According to the study published in the Public Library of Science journal, the team compared the genetic code of modern elephants from Africa and Asia to the DNA taken from two extinct species, the woolly mammoth and the American mastodon.
"The surprising finding is that forest and savanna elephants from Africa -- which some have argued are the same species -- are as distinct from each other as Asian elephants and mammoths," David Reich of Harvard Medical School in Boston said in a statement.
The two species of African elephants are very different size. The savanna elephant is roughly double the weight of the forest elephant at six to seven tons and measures about 11.5 feet tall at the shoulder, making it about 3 feet taller than the forest elephant.
Many scientists, however, thought that all African elephants came from the same species, partly because they mated and produced offspring.
An expert in ancient DNA, however, believes the divergence of the two species happened a very long time ago.
"The divergence of the two species took place around the time of the divergence of the Asian elephant and woolly mammoths," Professor Michi Hofreiter of York said in a statement.
"The split between African savanna and forest elephants is almost as old as the split between humans and chimpanzees.

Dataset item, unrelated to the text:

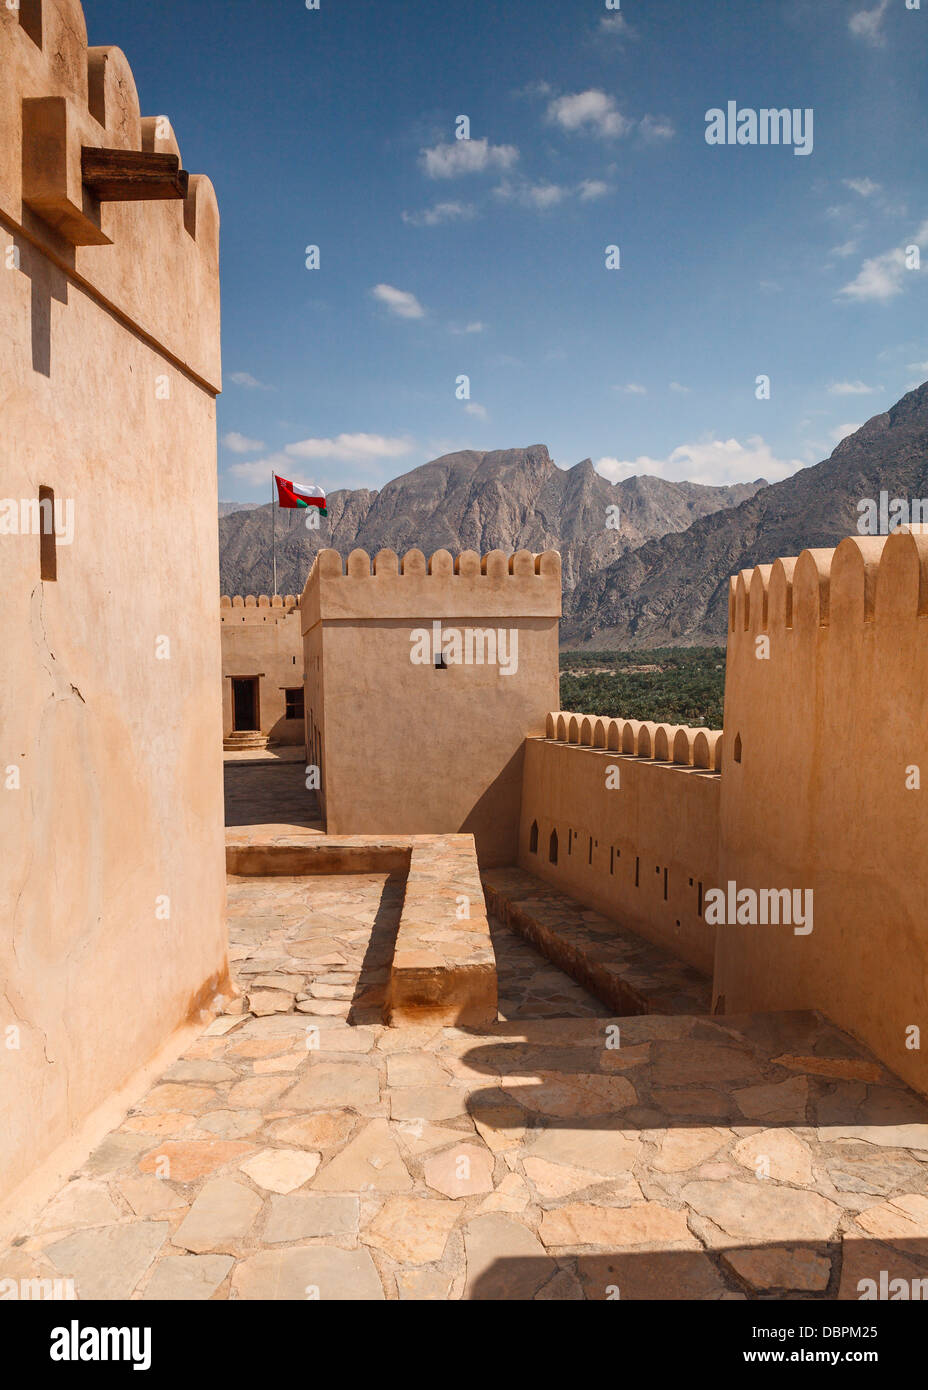 Inside the walls of the restored fort of Nakhal in the Western Hajar mountains of Oman, Middle East Stock Photo

"This result amazed us all."
Roca said they could figure out the time of divergence by comparing the genetic sequence of a very distant cousin of the other species called mastodon.
"The forest and savanna elephants proved to be as genetically distinct from each other as the woolly mammoth from the Asian elephant," he said.
"For the last 50 years, all African elephants have been treated as the same species. In fact, they are so different you really have to come up with a different conservation plan for each of the two."